• _Exercise_:
For this exercise, copy all the data exactly and include none of the pictures.

• _Information supplied_:
□ □ □

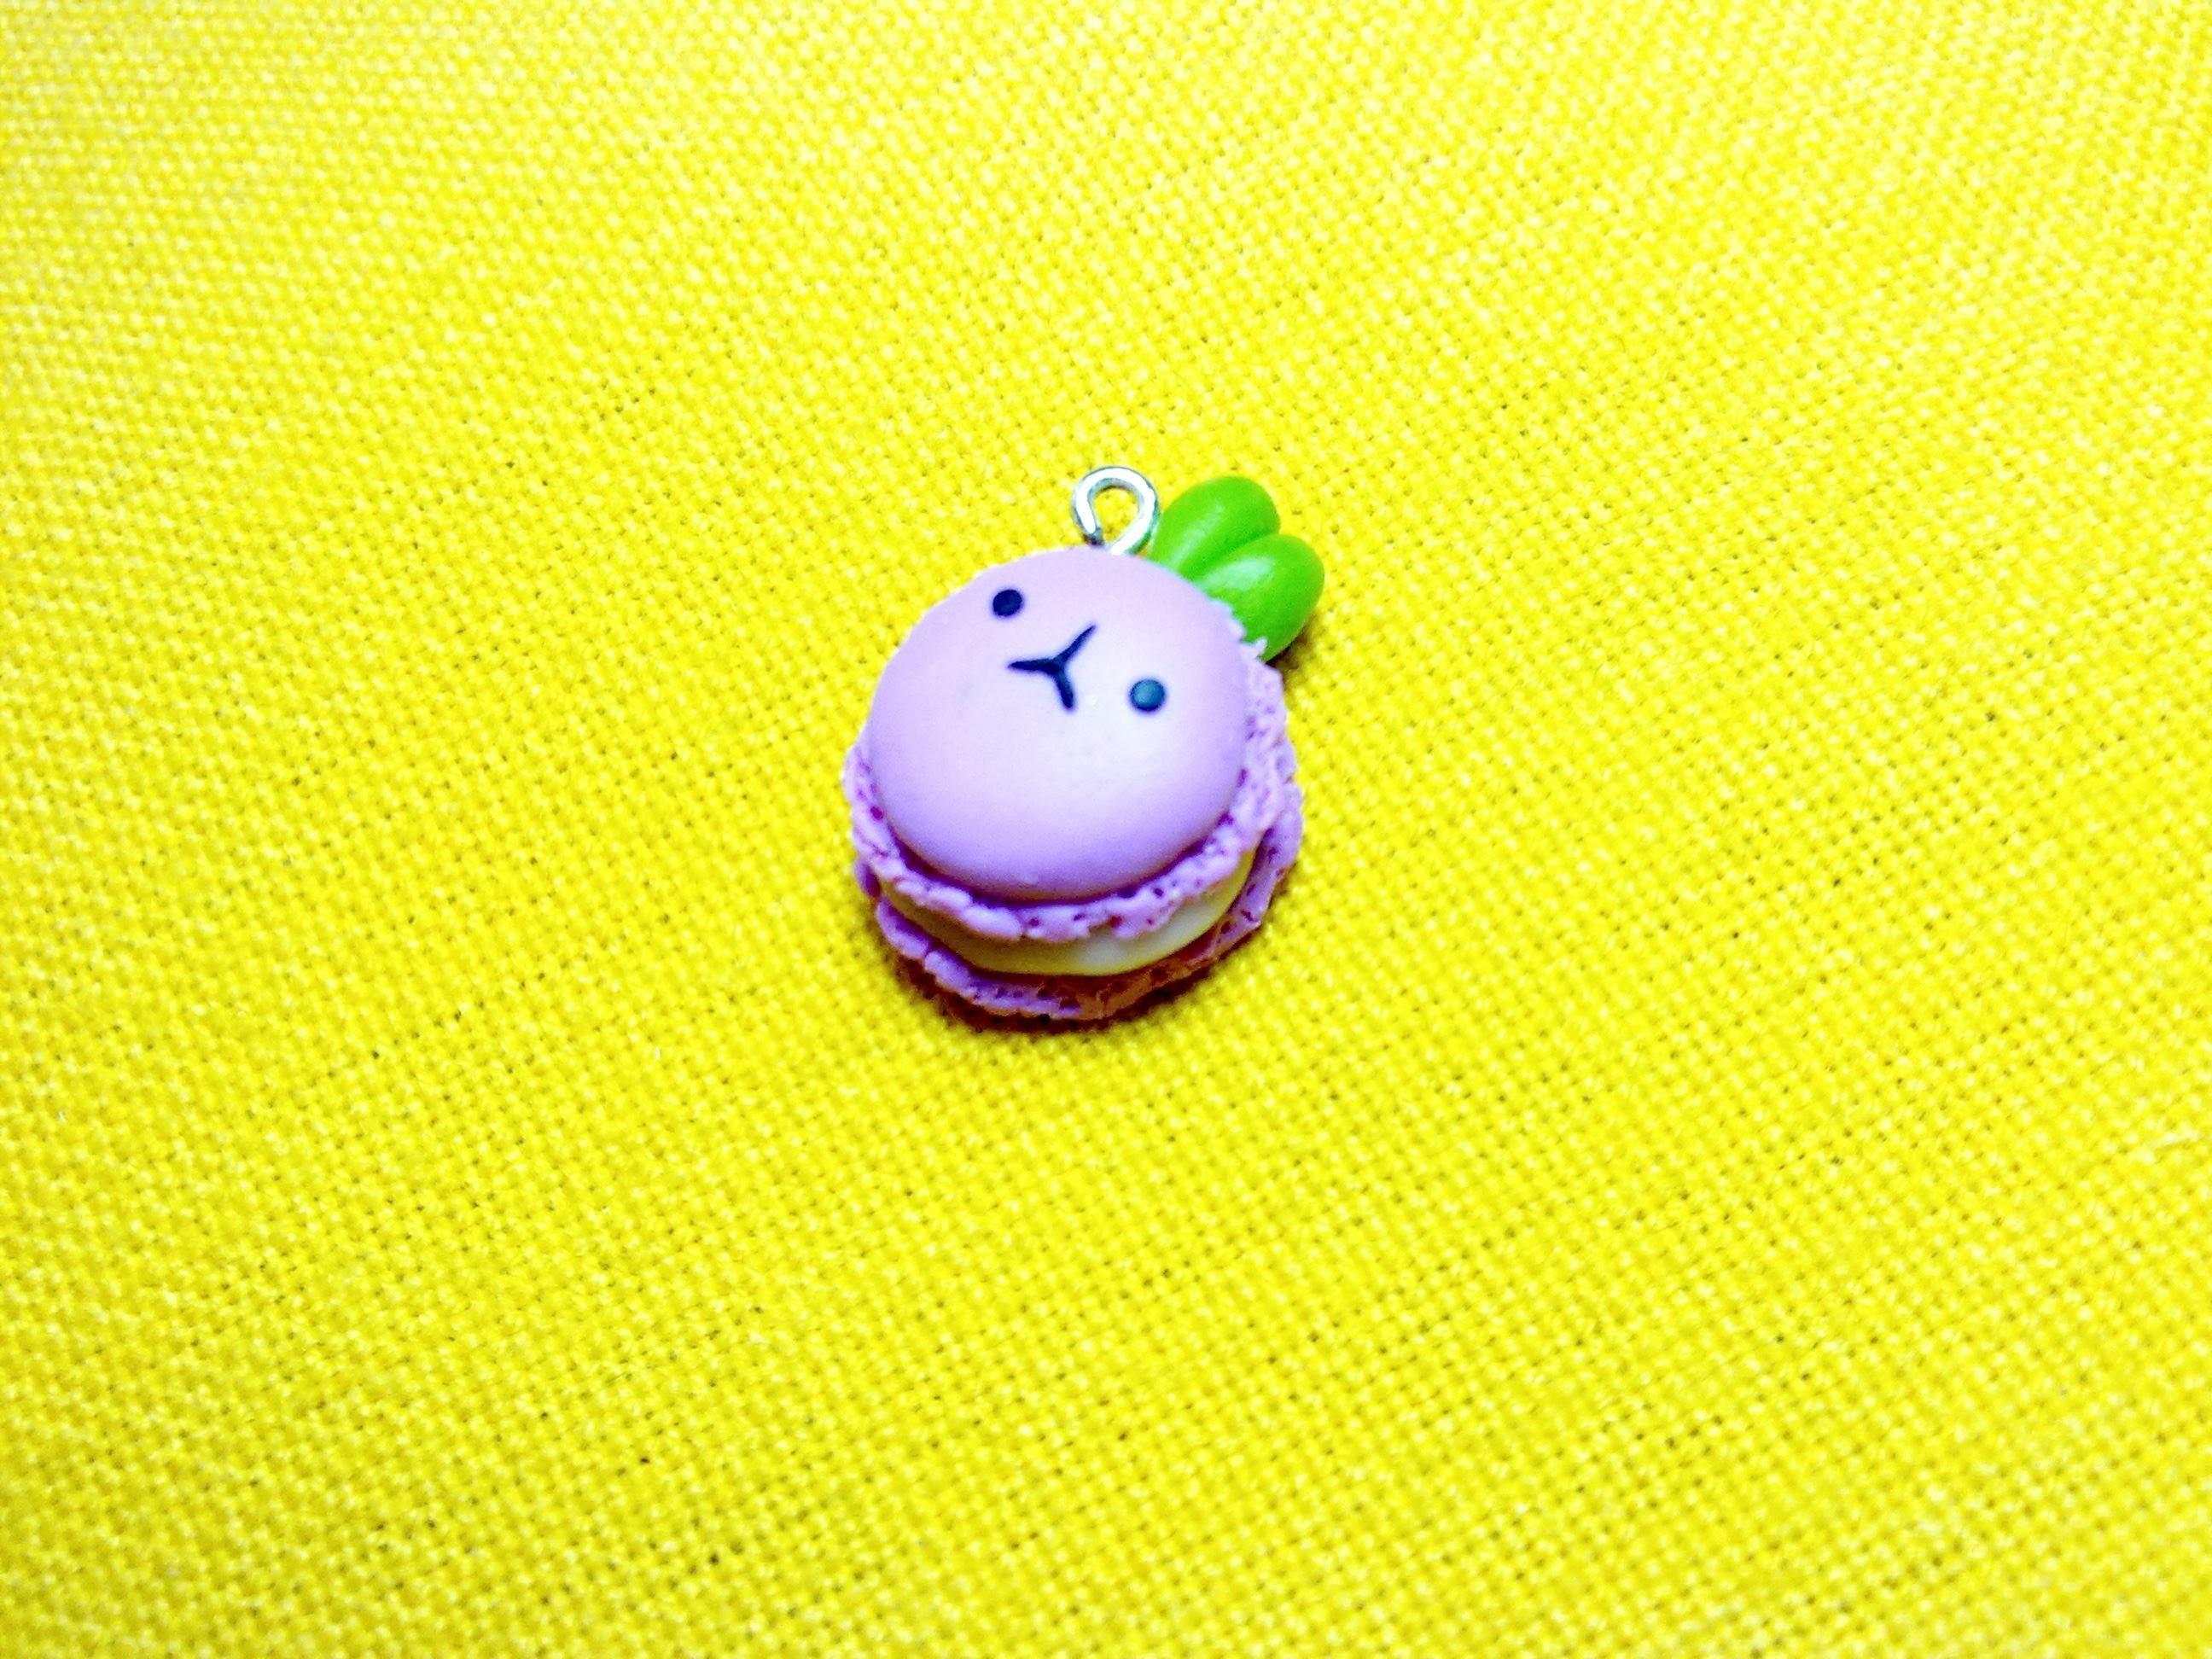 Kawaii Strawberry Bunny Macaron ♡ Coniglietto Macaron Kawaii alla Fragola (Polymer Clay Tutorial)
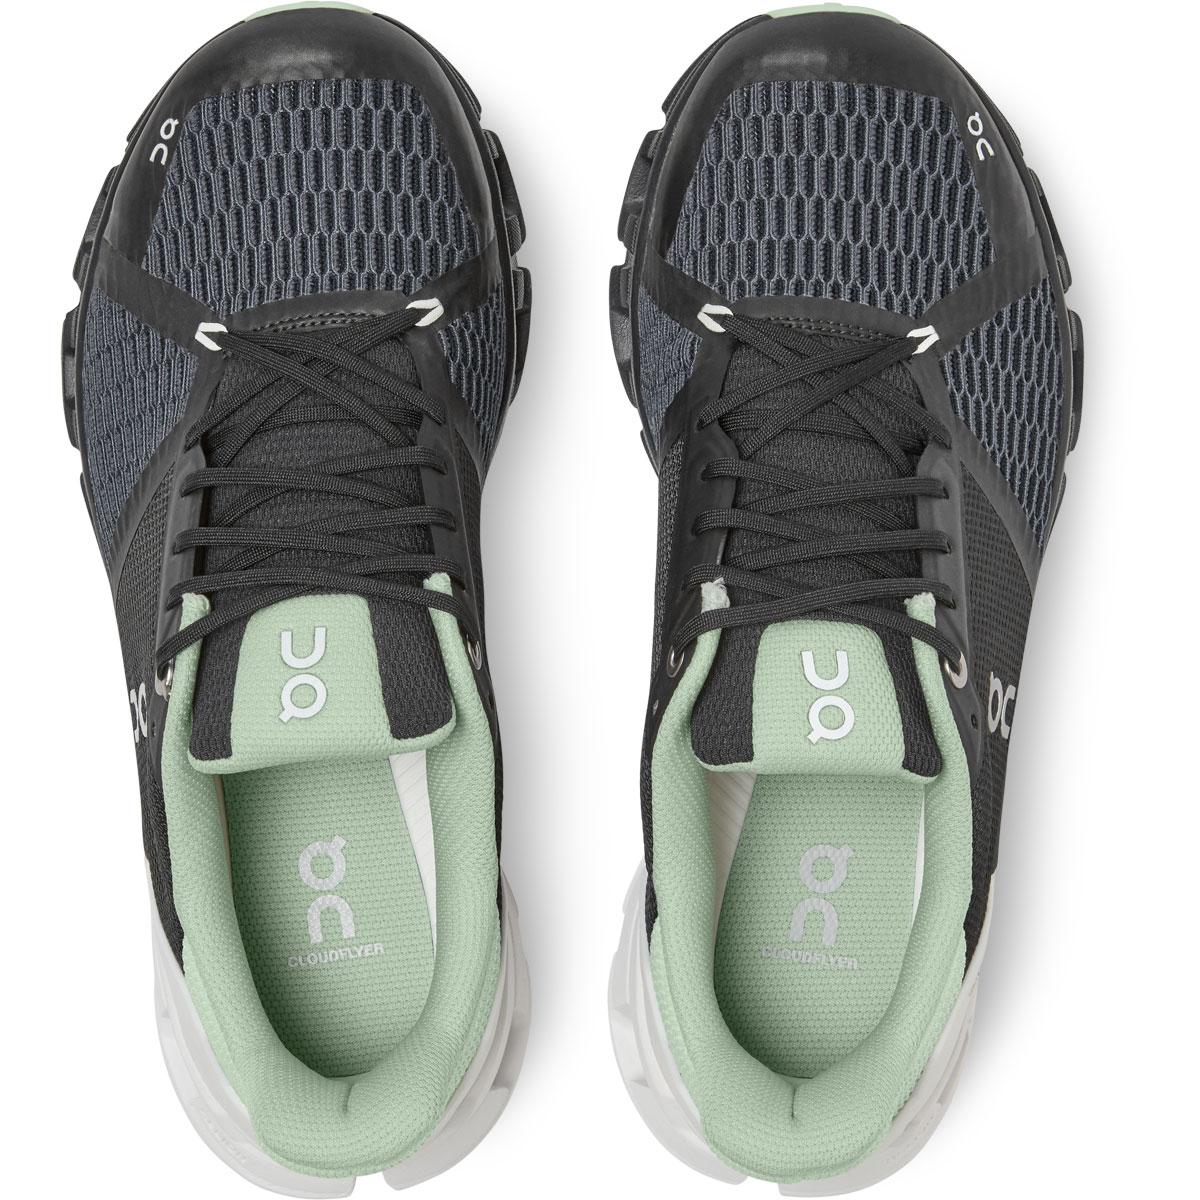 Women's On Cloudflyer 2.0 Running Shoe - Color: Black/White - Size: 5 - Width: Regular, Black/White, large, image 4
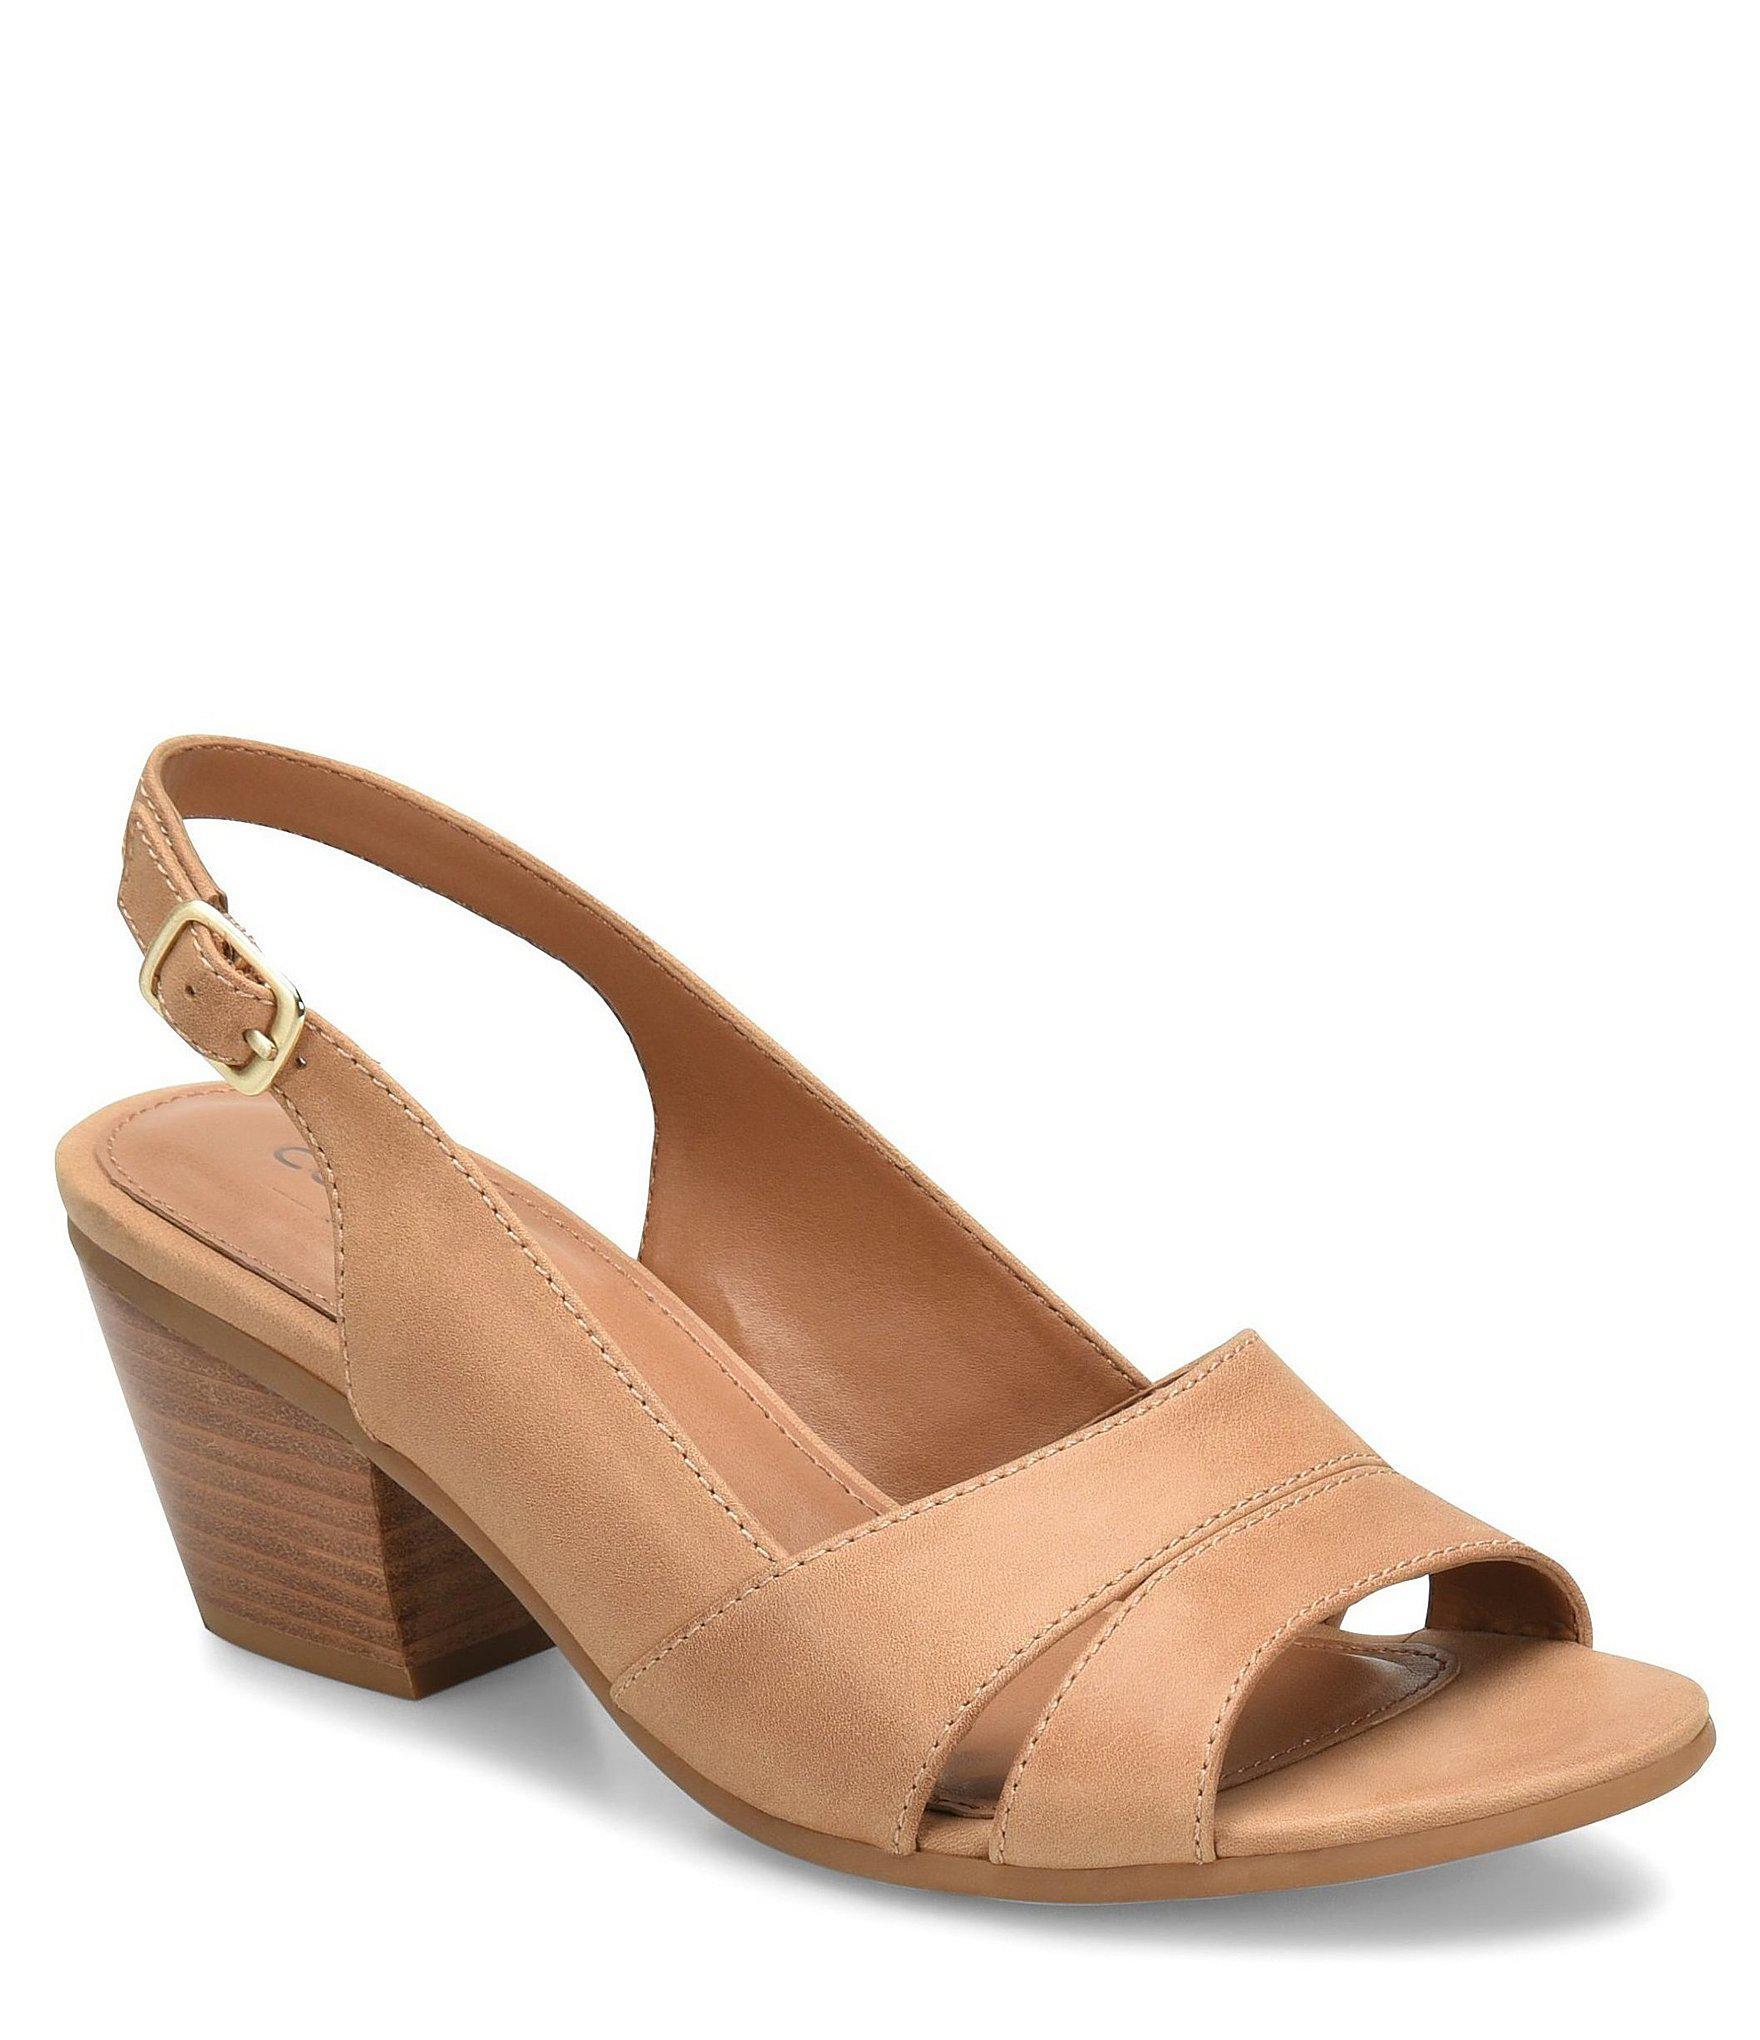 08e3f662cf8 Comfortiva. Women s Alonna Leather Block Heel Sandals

□ □ □

• _Result_:
 Kawaii Strawberry Bunny Macaron ♡ Coniglietto Macaron Kawaii alla Fragola (Polymer Clay Tutorial)
 Women's On Cloudflyer 2.0 Running Shoe - Color: Black/White - Size: 5 - Width: Regular, Black/White, large, image 4
 08e3f662cf8 Comfortiva. Women s Alonna Leather Block Heel Sandals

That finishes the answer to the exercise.